WORK INSTRUCTIONS
Leave the pictures out. Retype exactly the lines below from the one containing "Bracelet de mariage" through the one containing "Duck oil multi", and no others.

RAW DATA

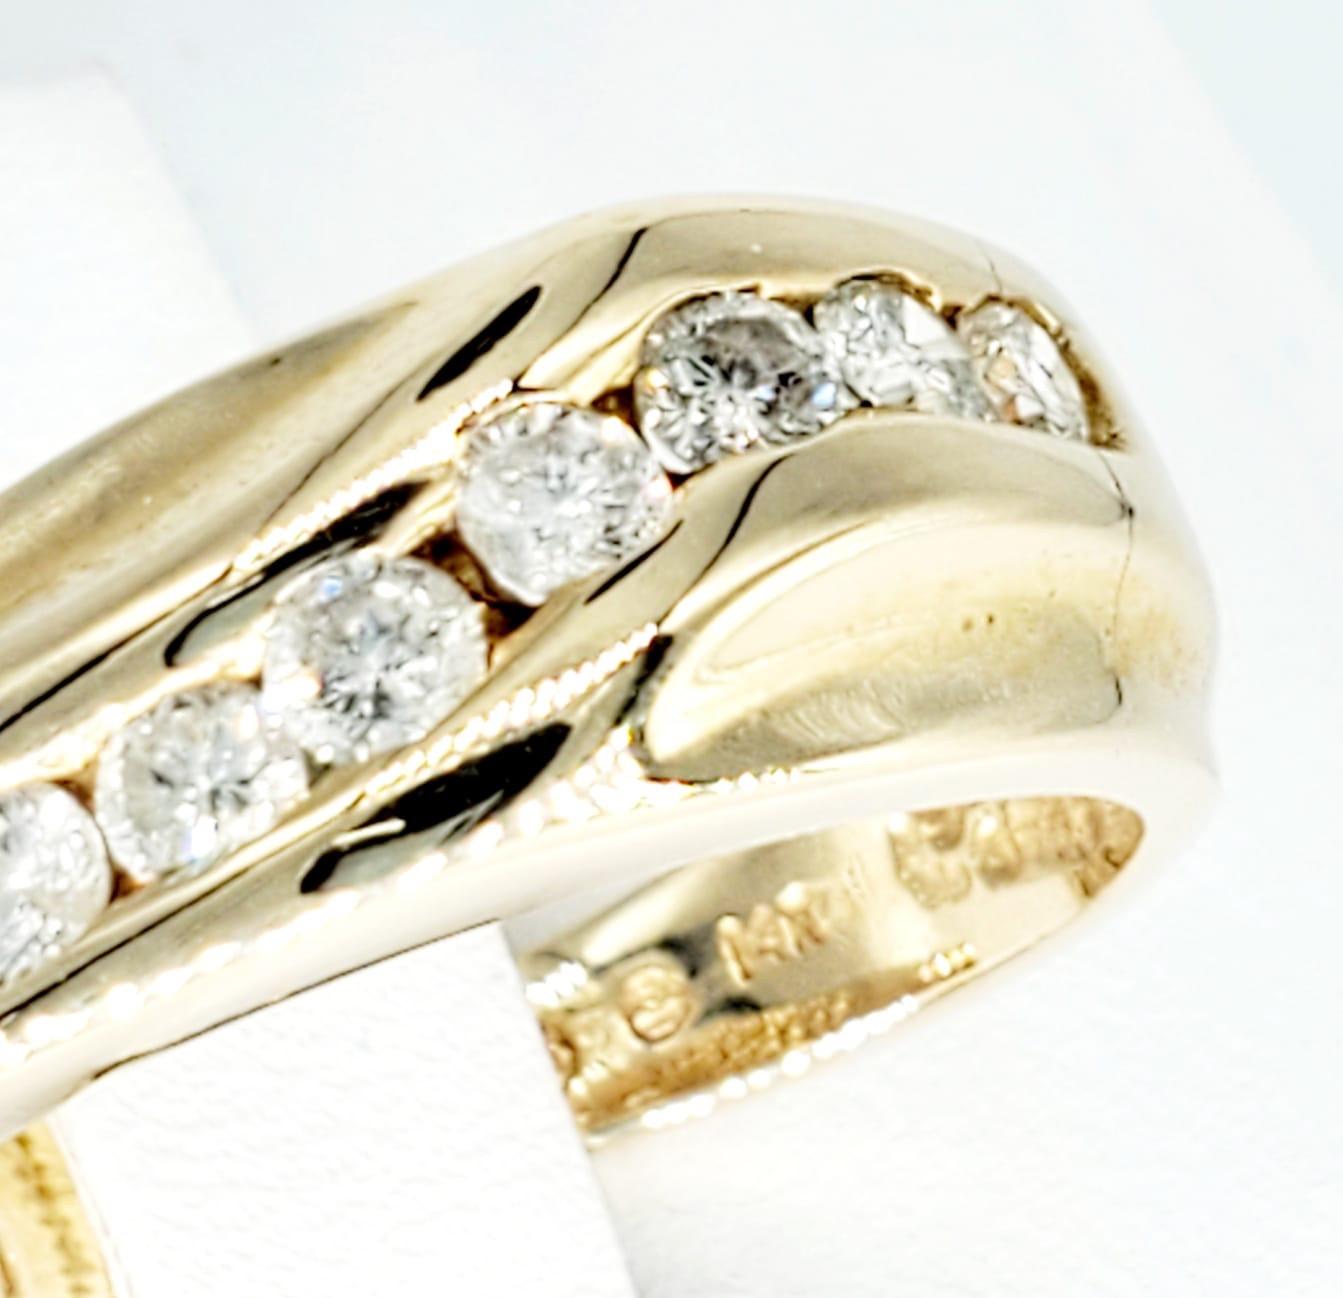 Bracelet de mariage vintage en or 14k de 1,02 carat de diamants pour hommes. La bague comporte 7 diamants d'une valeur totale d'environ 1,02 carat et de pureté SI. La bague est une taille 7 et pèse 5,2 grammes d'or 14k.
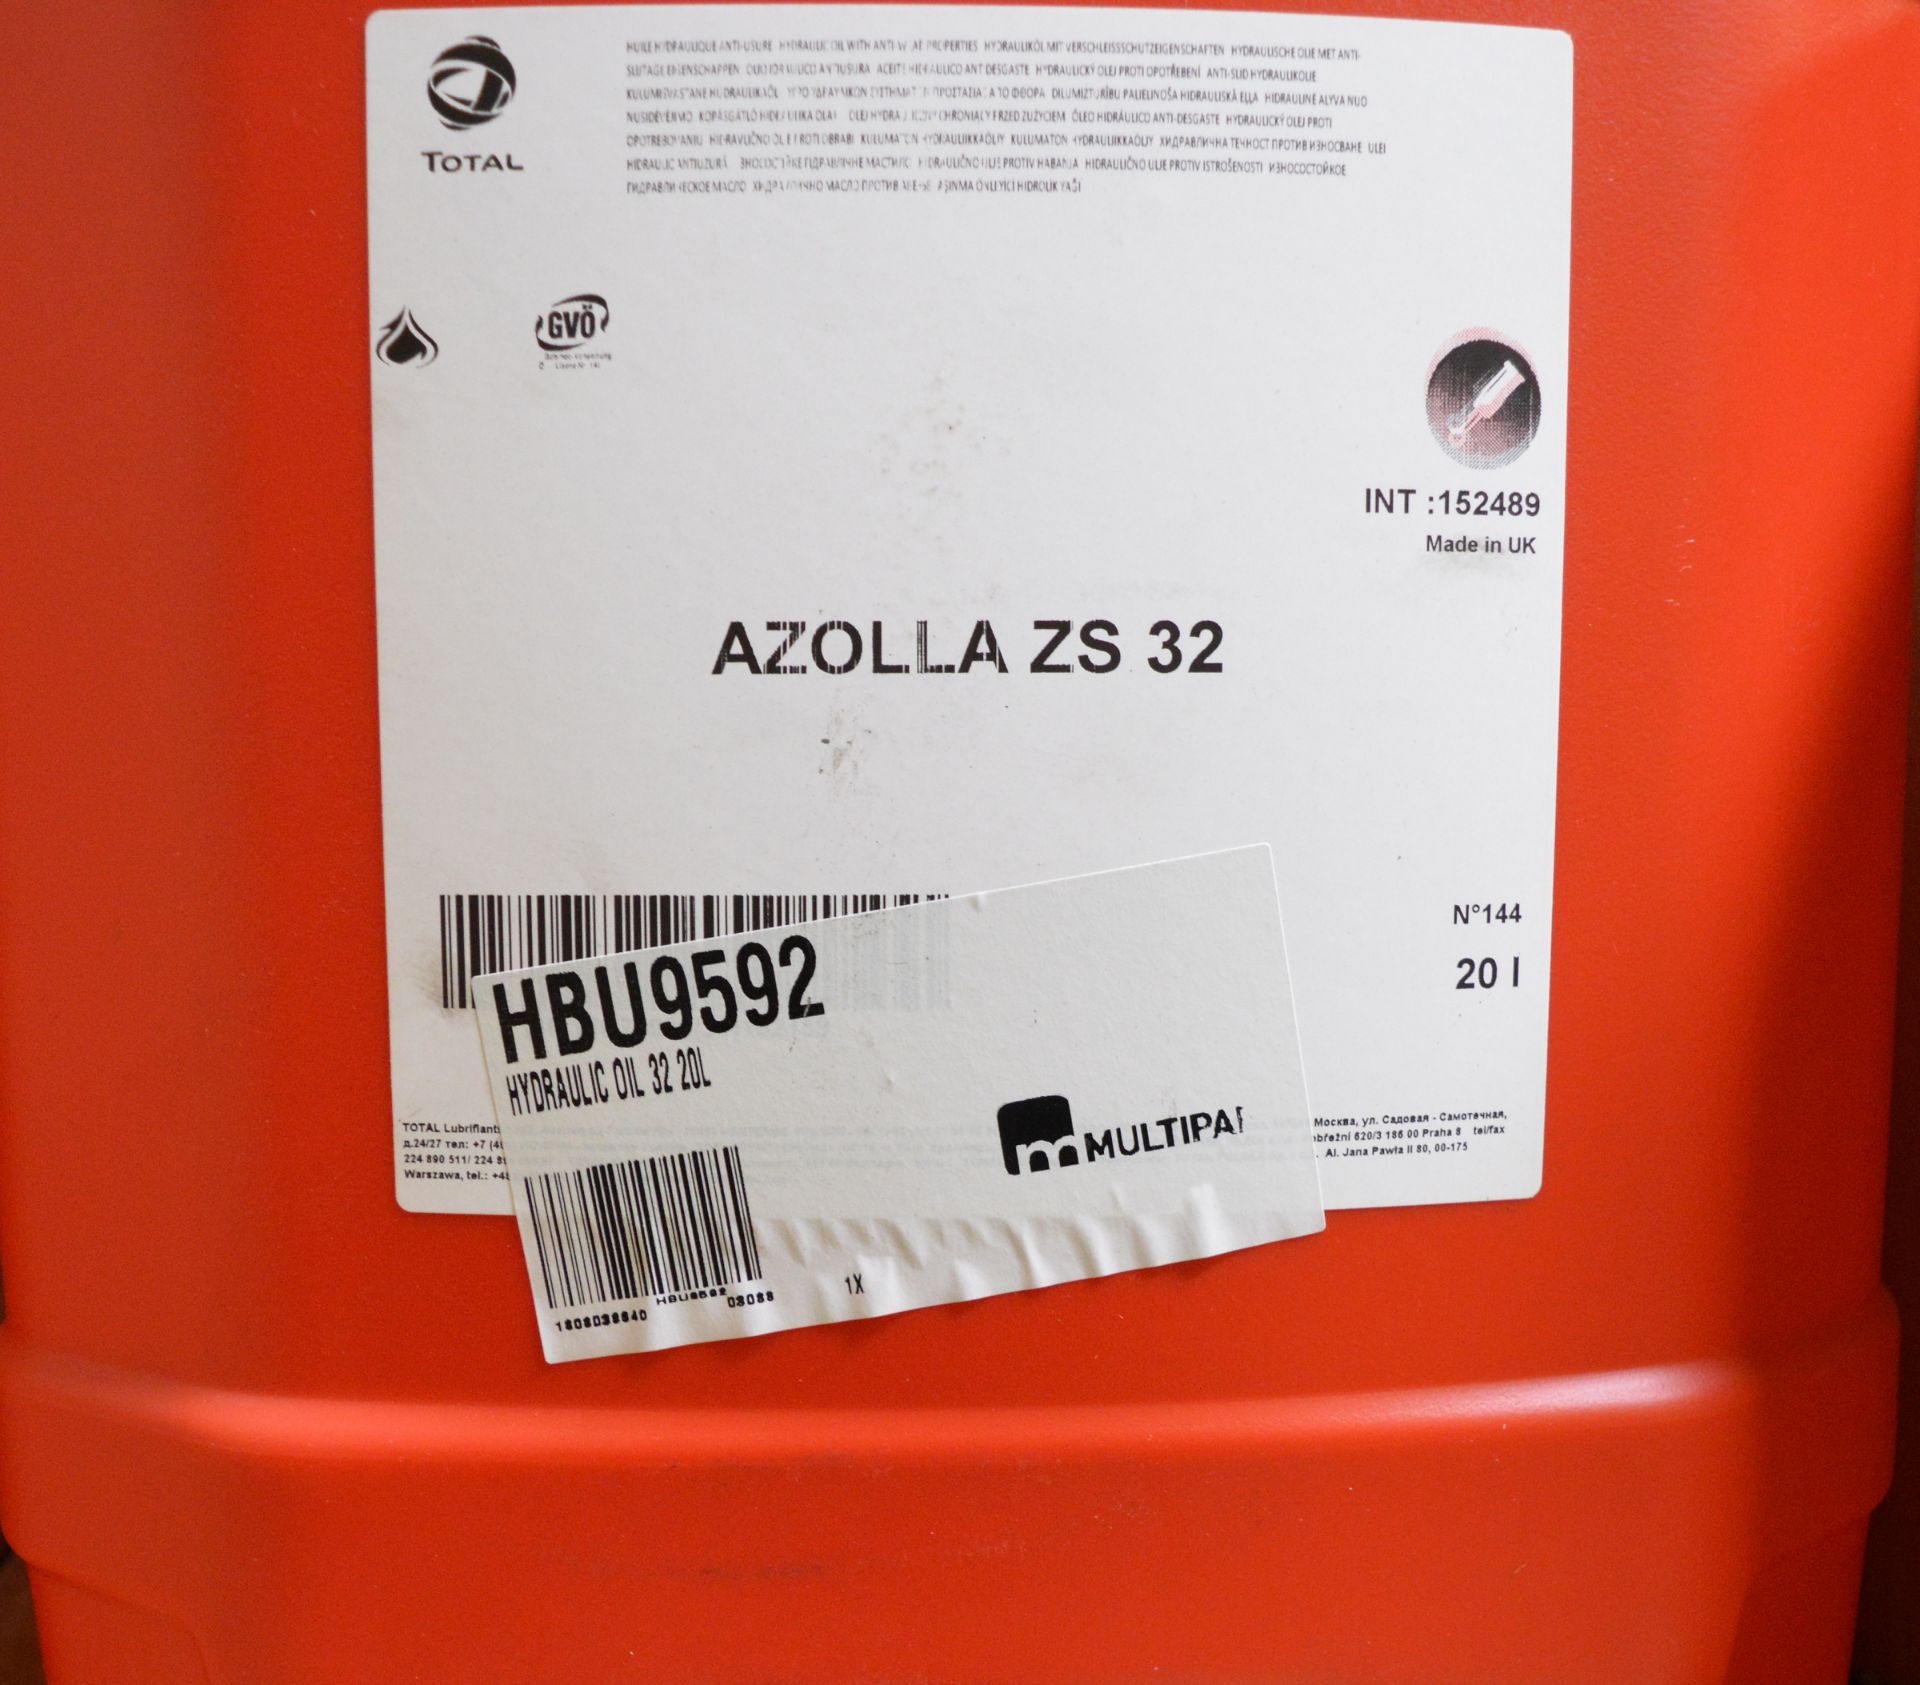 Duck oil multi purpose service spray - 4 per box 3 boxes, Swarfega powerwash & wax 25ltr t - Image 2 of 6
* * *
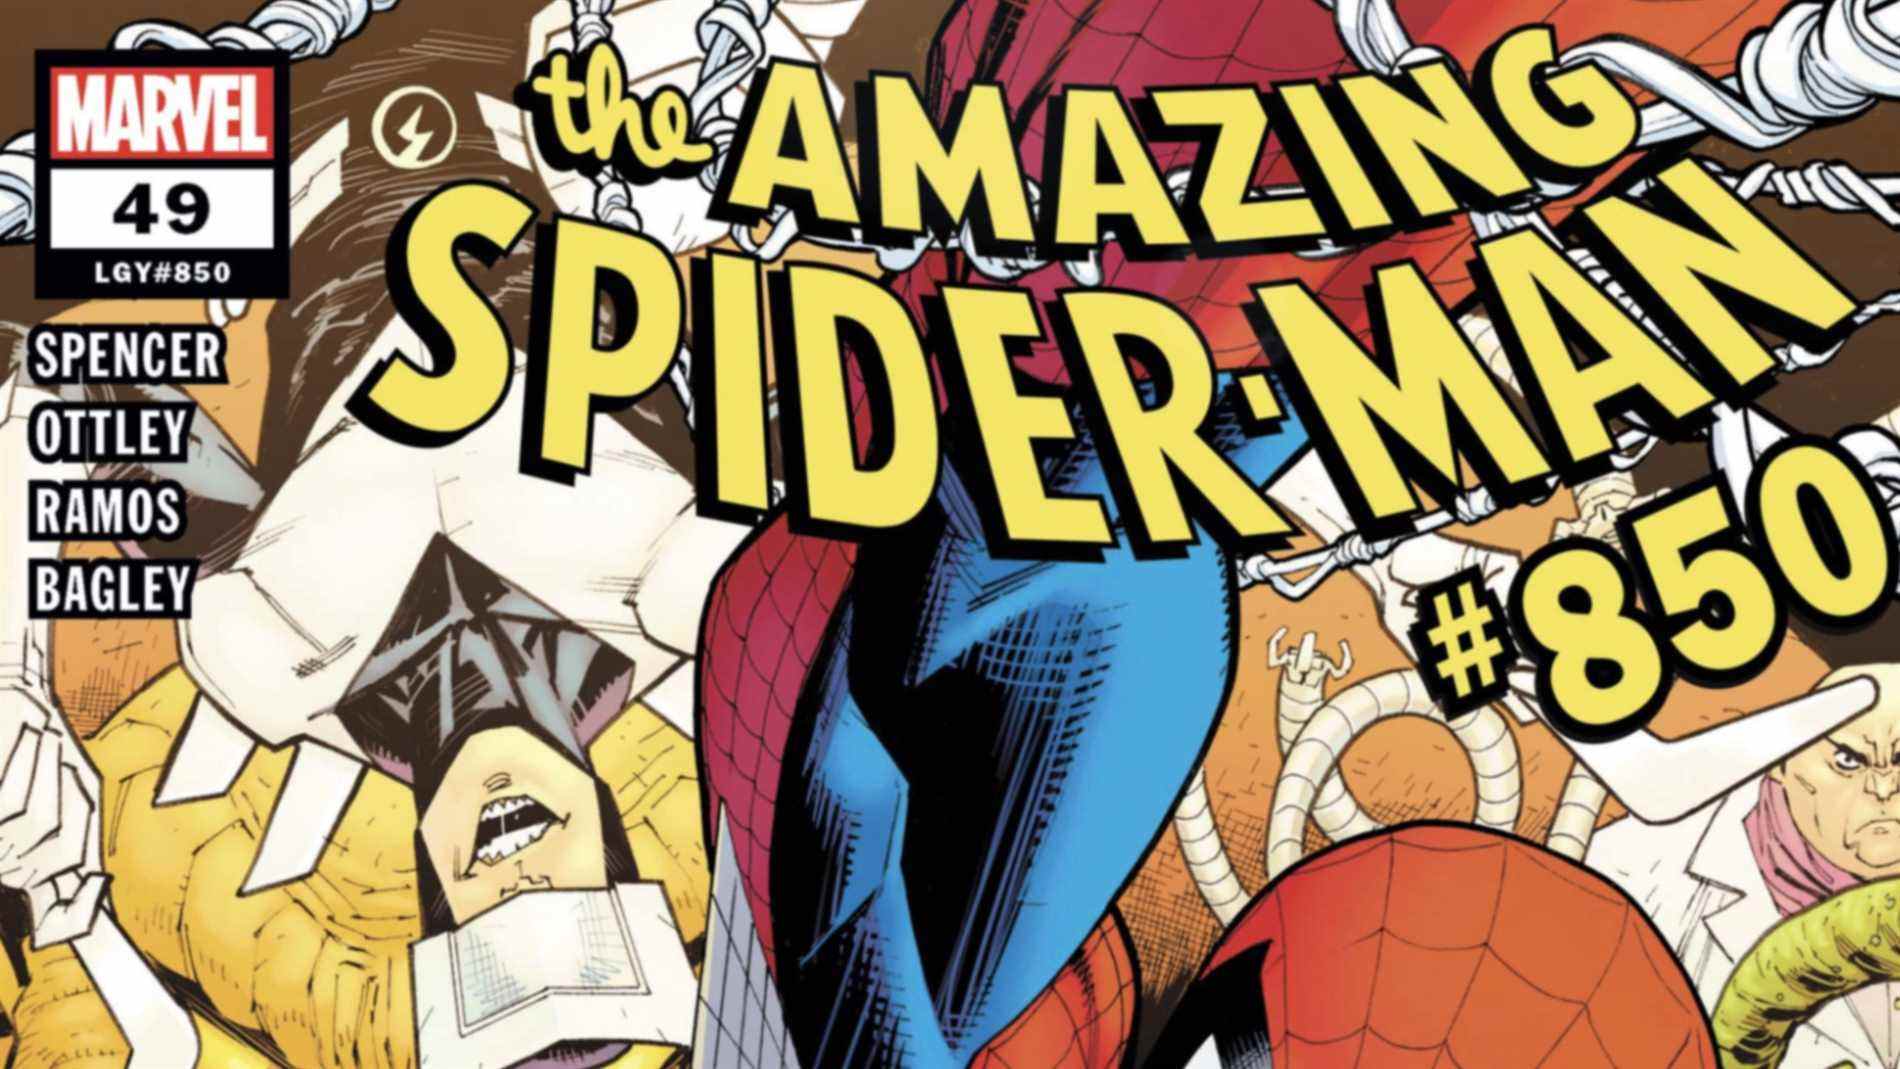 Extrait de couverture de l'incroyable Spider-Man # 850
==
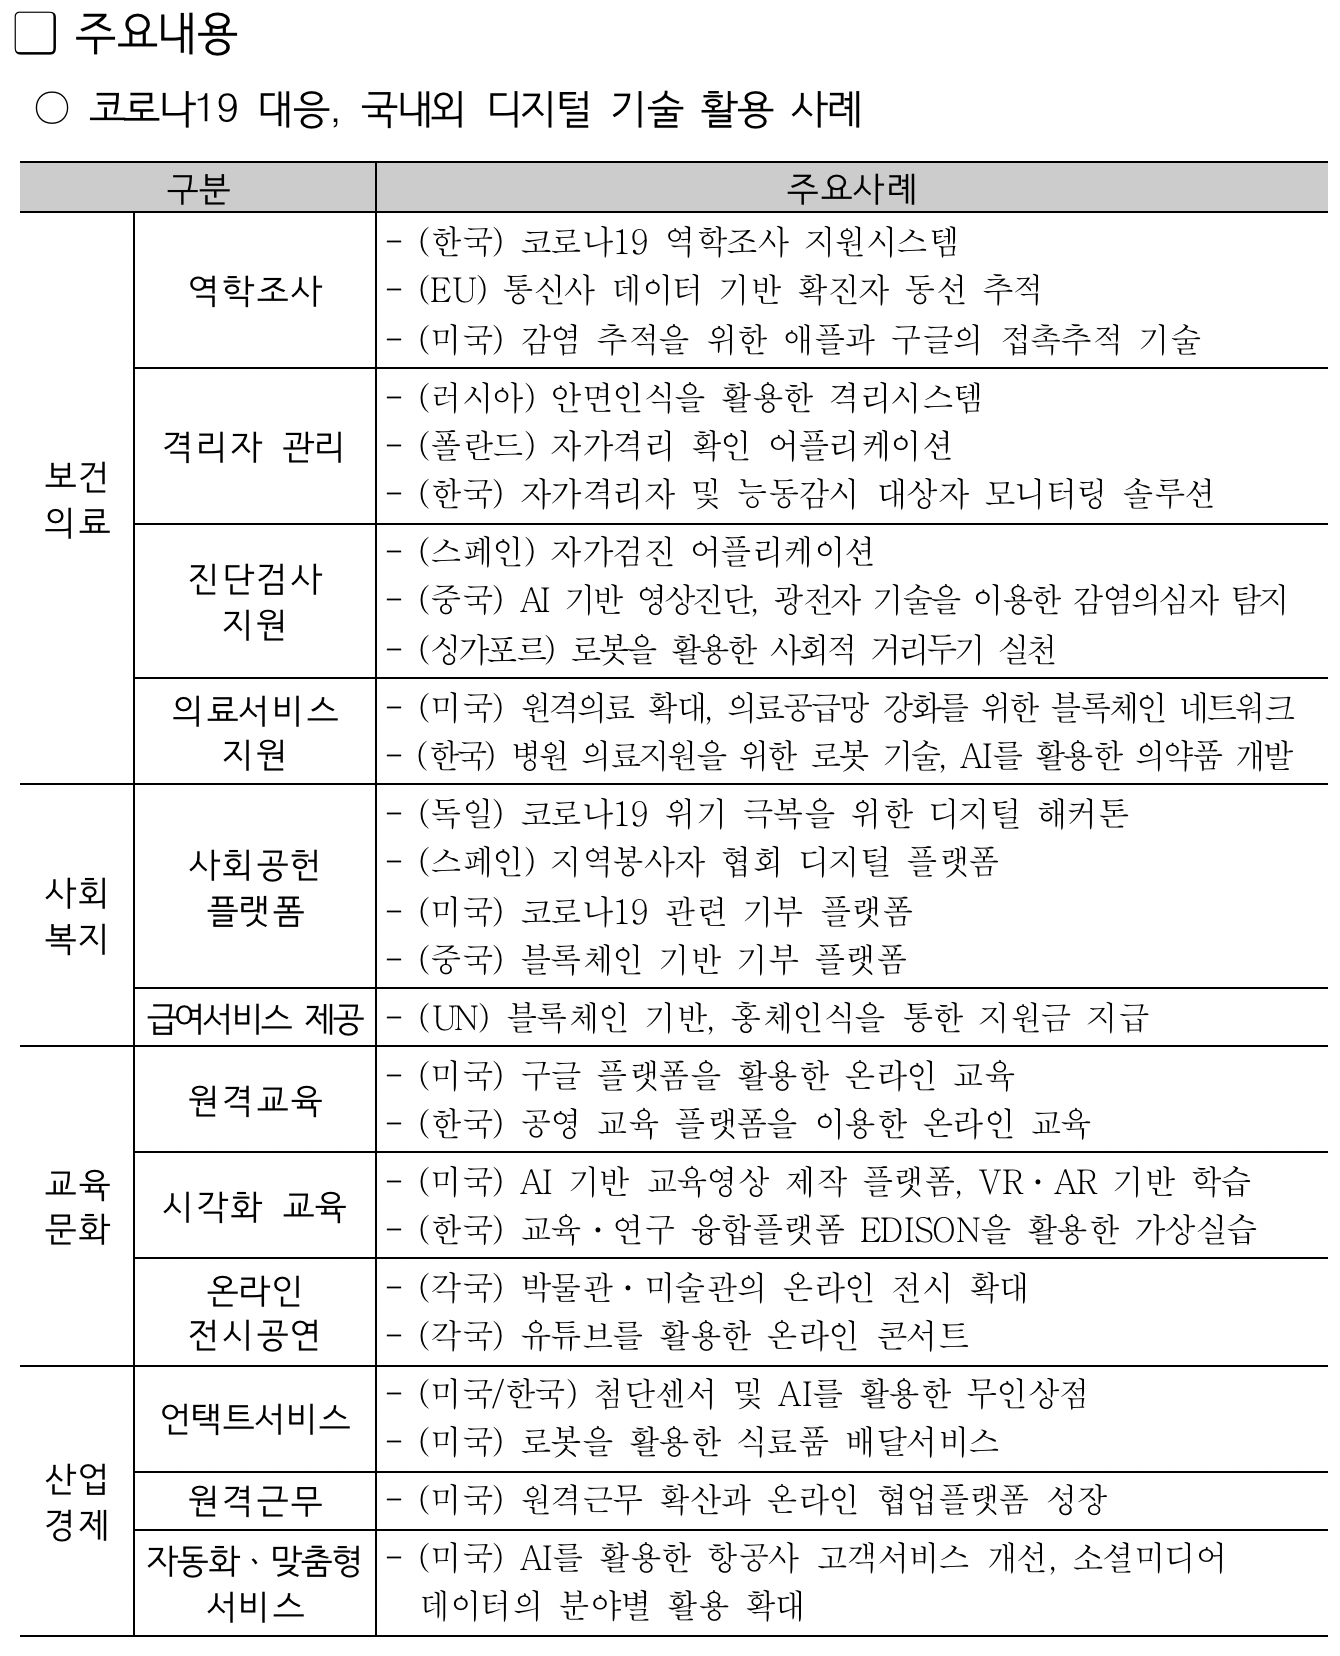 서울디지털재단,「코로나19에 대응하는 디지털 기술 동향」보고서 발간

RESULT OF THE TASK
 Bracelet de mariage vintage en or 14k de 1,02 carat de diamants pour hommes. La bague comporte 7 diamants d'une valeur totale d'environ 1,02 carat et de pureté SI. La bague est une taille 7 et pèse 5,2 grammes d'or 14k.
 Duck oil multi purpose service spray - 4 per box 3 boxes, Swarfega powerwash & wax 25ltr t - Image 2 of 6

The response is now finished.